Skokie Country Club
- Interactive map of Skokie Country Club

Club information
- Location: Glencoe, Illinois, USA
- Type: Private
- Tota holes: 18
- Website: Skokie Country Club
- Designed by: Thomas Bendelow
- Par: 72
- Length: 7091
- Course rating: 74.3

= Skokie Country Club =

Private country club in Chicago, Illinois

Skokie Country Club is a private country club in Glencoe, Illinois, a suburb of Chicago.

Founded in 1897, it features a 7091-yard 18-hole course. In 1922, it hosted the U.S. Open that was won by Gene Sarazen. Phil Gaudin was serving as the head professional at Skokie Country Club when it hosted the 1922 U.S. Open. It has also hosted the 1909 Western Open, the 1952 Women's Western Open, the 1998 U.S. Senior Amateur, the 2010 Western Amateur, and the 2017 Western Amateur.
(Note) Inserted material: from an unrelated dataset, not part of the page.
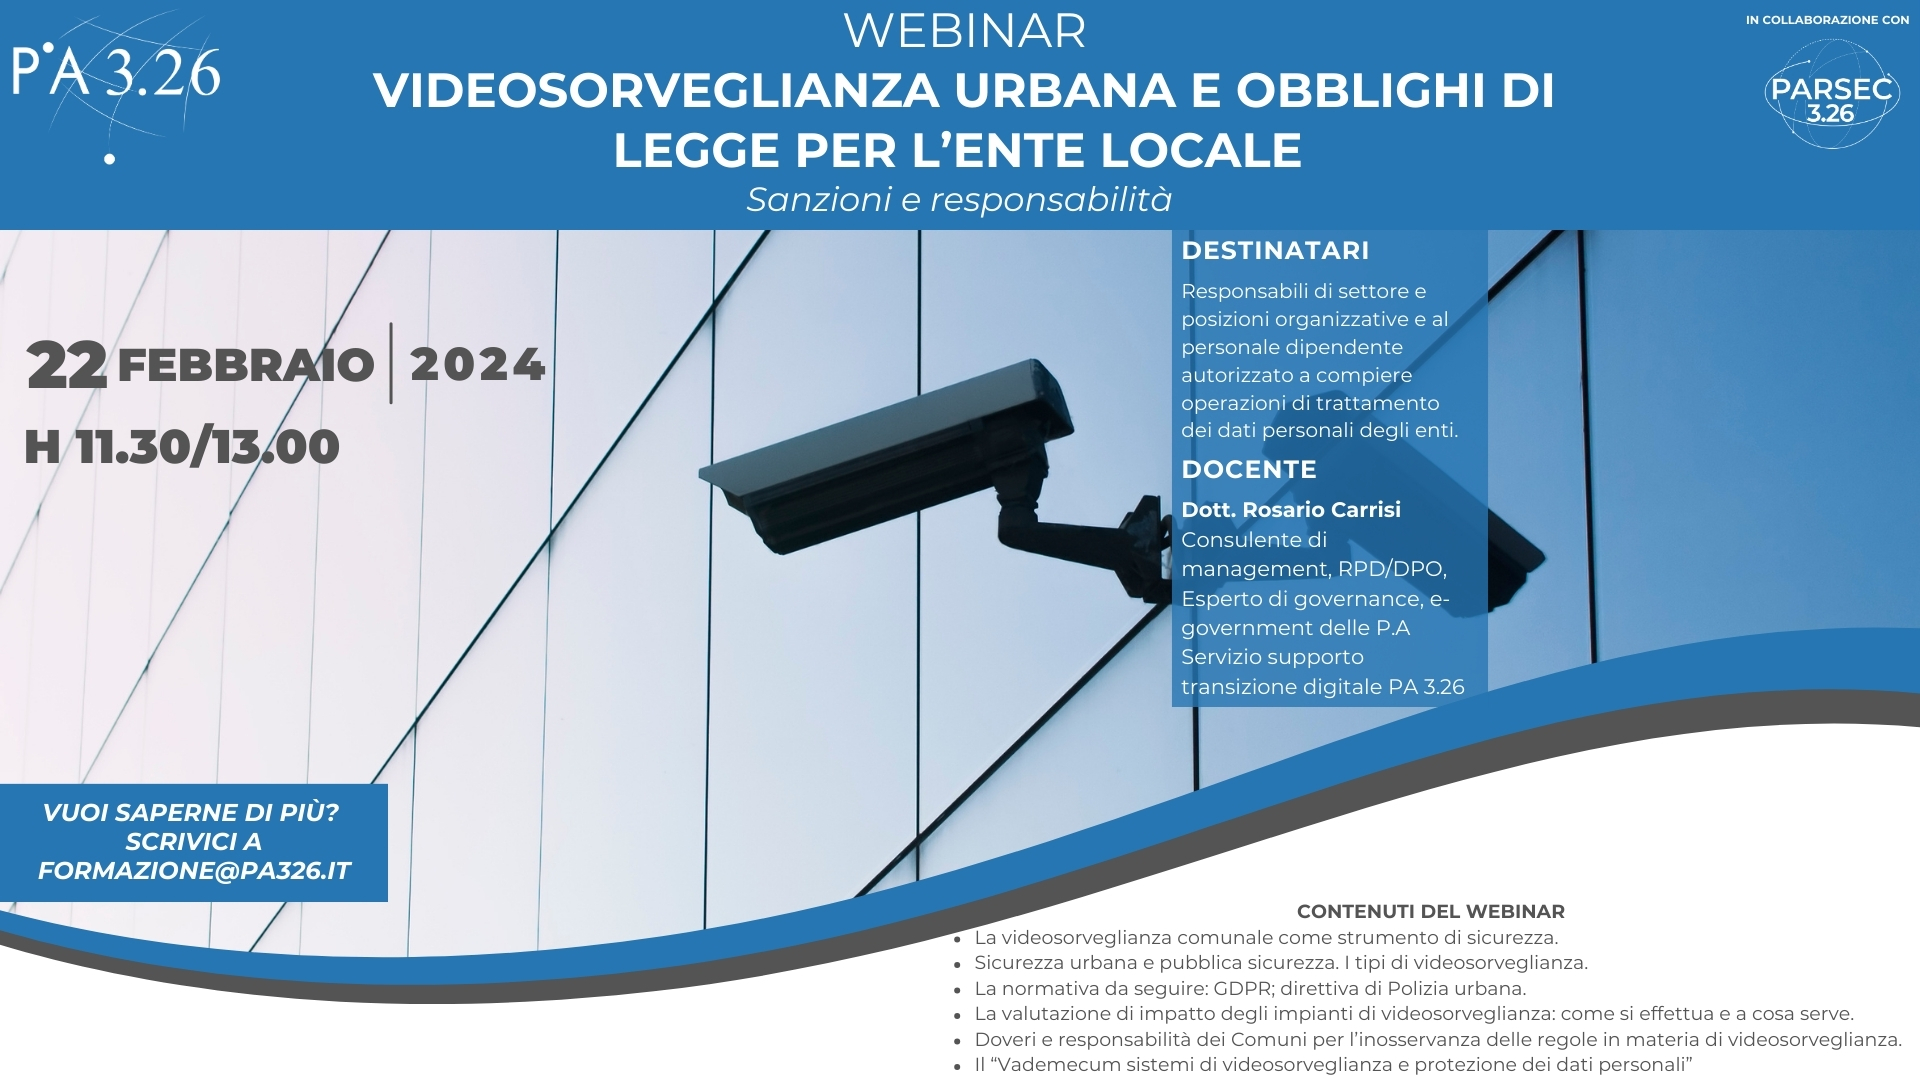 Scheda evento videosorveglianza urbana e obblighi di legge per lEnte Locale 2

The original course was designed by Tom Bendelow in 1904. It was turned into a Donald Ross course in 1914 when he redesigned it. Then in 1938 William Langford substantially reworked the layout with respect paid to the integrity of Ross's intentions.

Walter Fovargue served as the head professional in the early 1900s and remained there until 1916.